Quando pensava no que te queria dizer, dei de caras com umas notas que sempre faço sobre todos os livros que leio, neste caso Confissão de um Assassino, um livro de Joseph Roth, austríaco e judeu (estes adjetivos são só para melhor se entender o ambiente à época em que o livro foi escrito, ou seja, 1936) que, a certa altura, escreve: “Por vezes, parece-nos que Deus favoreceu os europeus, embora eles não acreditem Nele. Mas talvez não acreditem Nele, apenas porque Ele lhes deu tanto. E tornaram-se presunçosos e acreditaram ser eles próprios os criadores do mundo, estando, ainda assim, descontentes com ele, muito embora, segundo julgam, sejam eles os responsáveis por tudo quanto nele ocorre.”
Vão mais de 80 anos sobre estas palavras e veja-se o que é que aconteceu aos europeus, entretanto, a começar pela guerra sangrenta que rebentou logo a seguir a estas palavras e à perda de “alma” da Europa a que agora assistimos, embora a vamos encontrar no âmago de outros povos menos presunçosos, nos quais o Mundo ainda pode ter esperança.
Entretanto, outras palavras do mesmo Joseph Roth caem como espada afiada sobre os dias de hoje:“Só muito mais tarde aprendi que as palavras são mais poderosas que as ações.
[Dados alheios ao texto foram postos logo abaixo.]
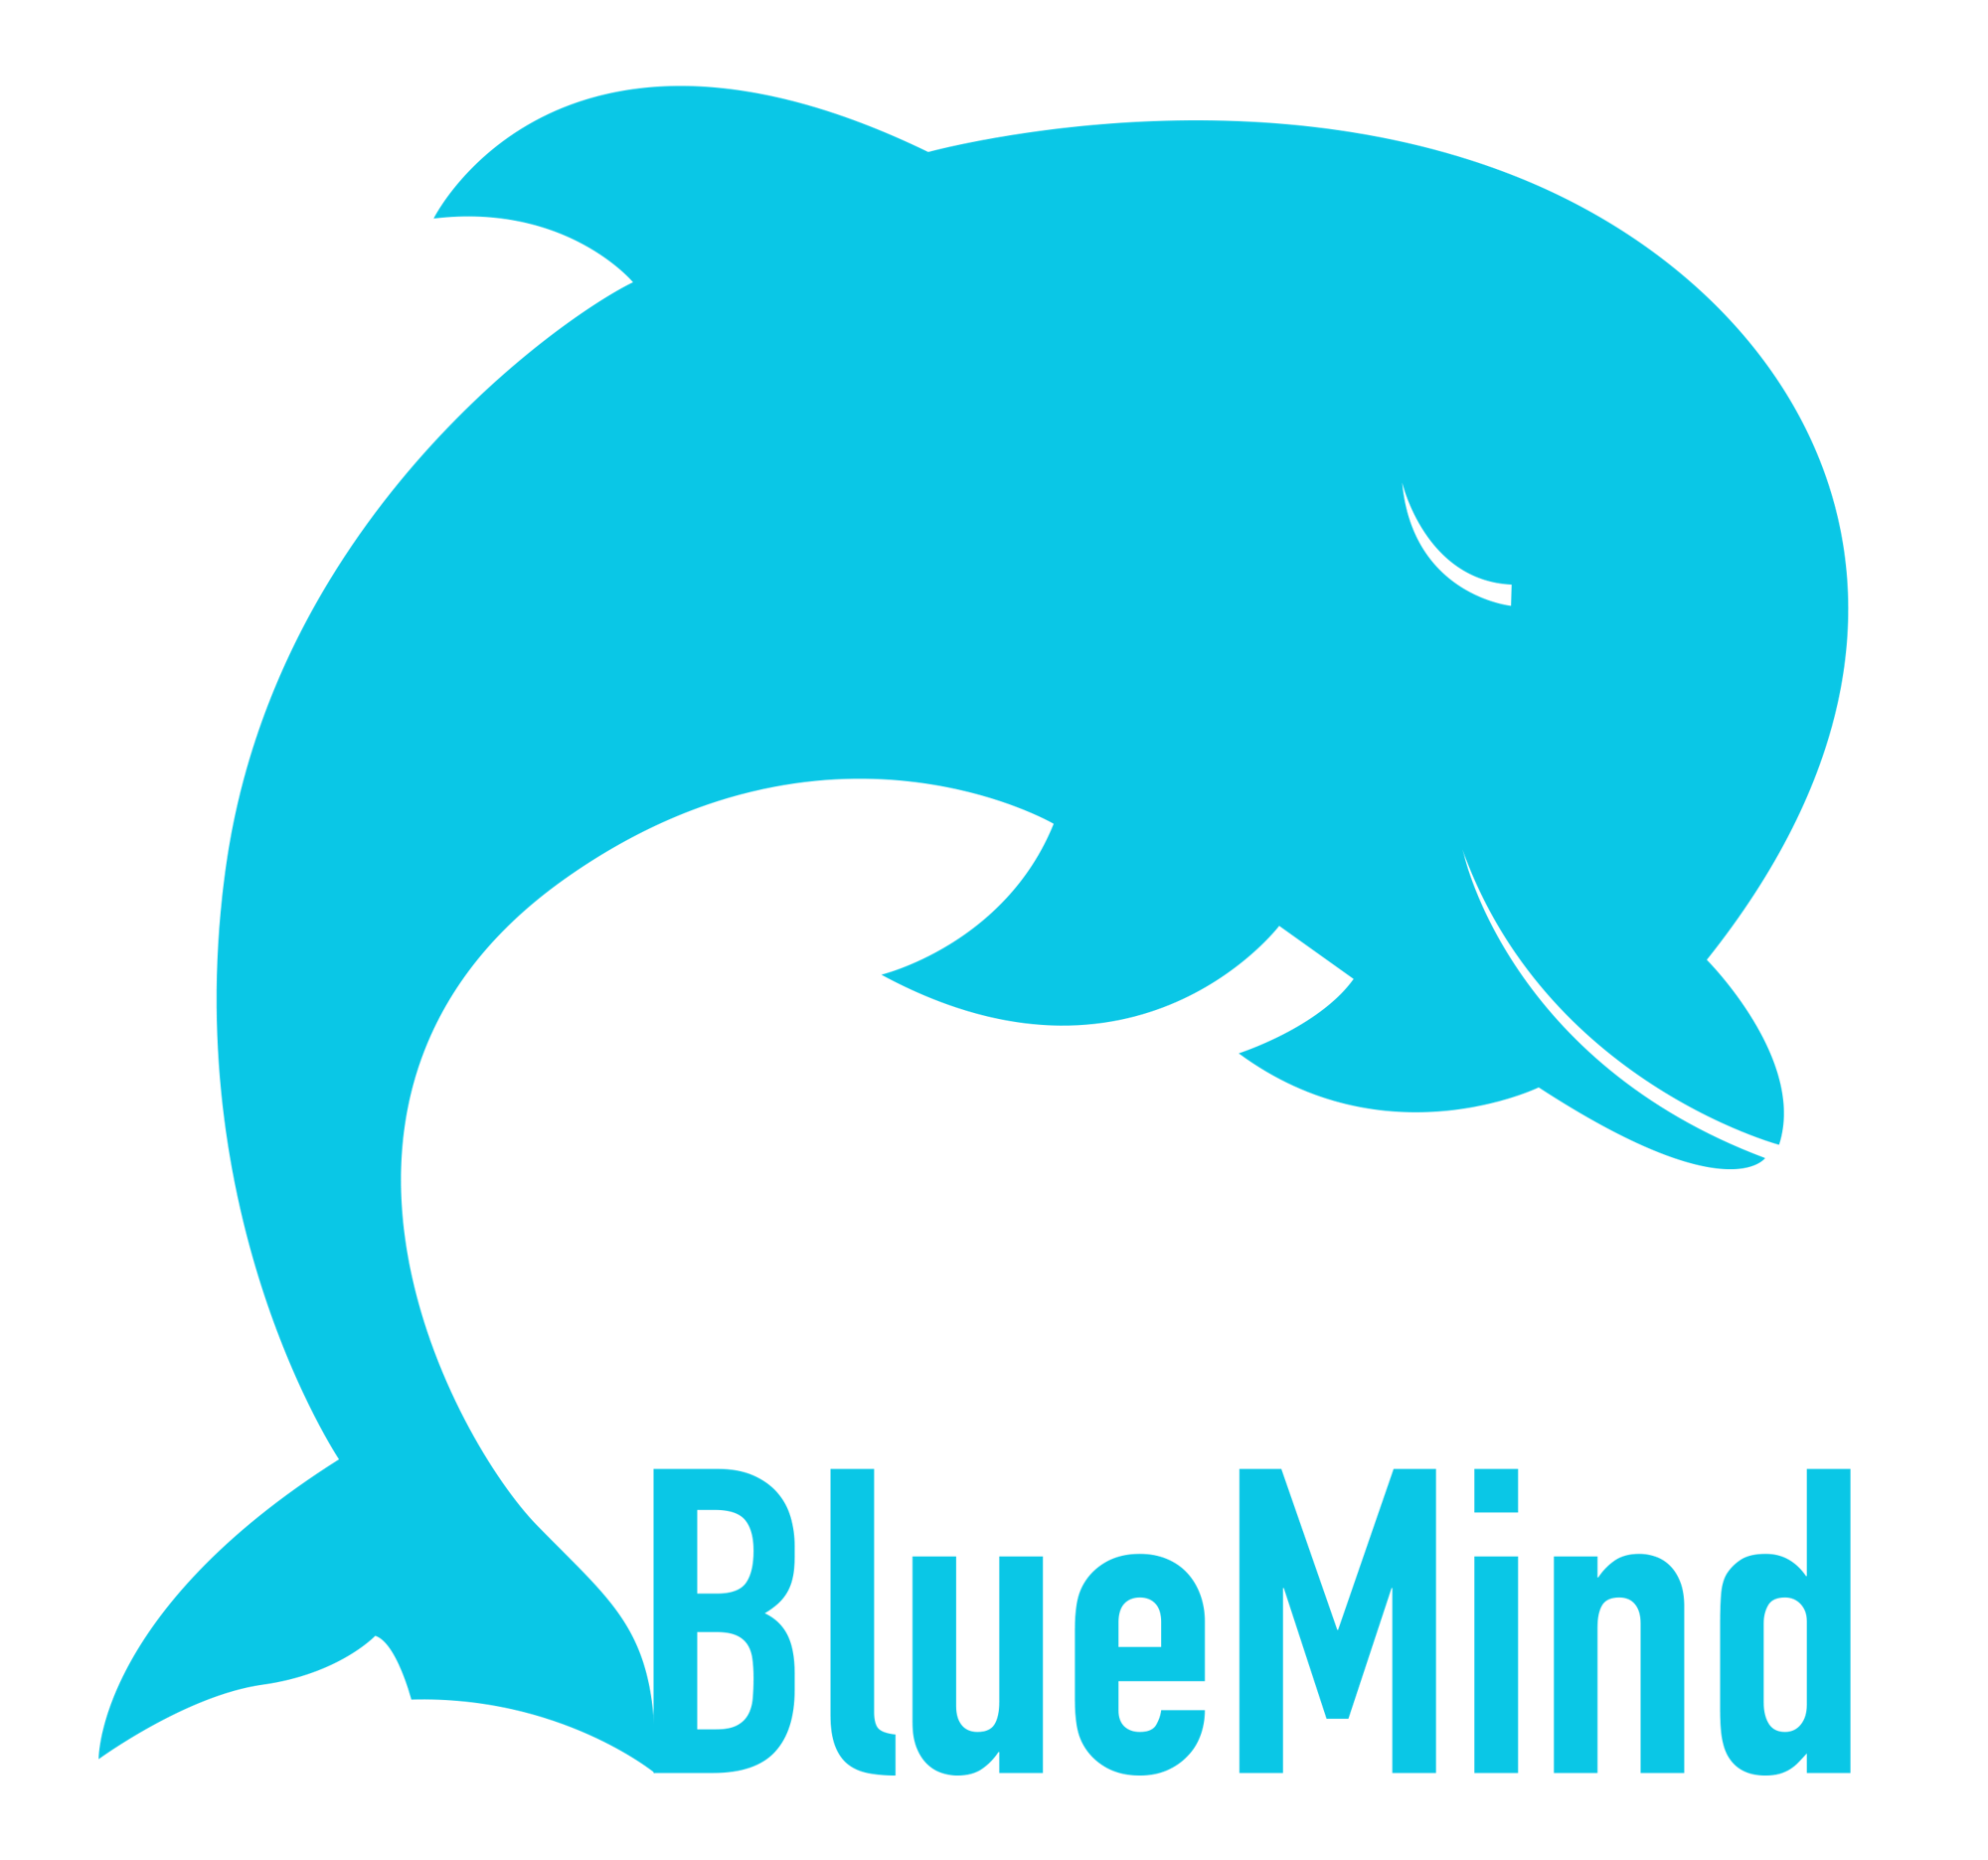 Bluemind-logo-new

Costumo rir quando ouço esta frase recorrente: 'ações em vez de palavras'. Quão débeis são as ações! Uma palavra perdura, ao passo que uma ação perece. Até um cão pode realizar uma ação, mas apenas um Homem pode criar uma palavra”.
É claro que estas palavras são contestáveis, [LER_MAIS] porque as ações com seriedade, dedicação e amor perduram, bem mais do que se julga e, diz o povo, “palavras levaas o vento”.
Por outro lado, se o cão não pode criar uma palavra, o “robot” e a “inteligência artificial”, porventura, o poderão fazer, numa ameaça vital àquilo que Roth, no fundo, considerava a singularidade do Homem.
Mas, por outro lado, tem razão no que se passa hoje: veja-se o efeito das “fake news”, agora perdurando ainda mais por via das “famosas” redes sociais, conduzindo, frequentemente, a ações que jamais deveriam ter existido.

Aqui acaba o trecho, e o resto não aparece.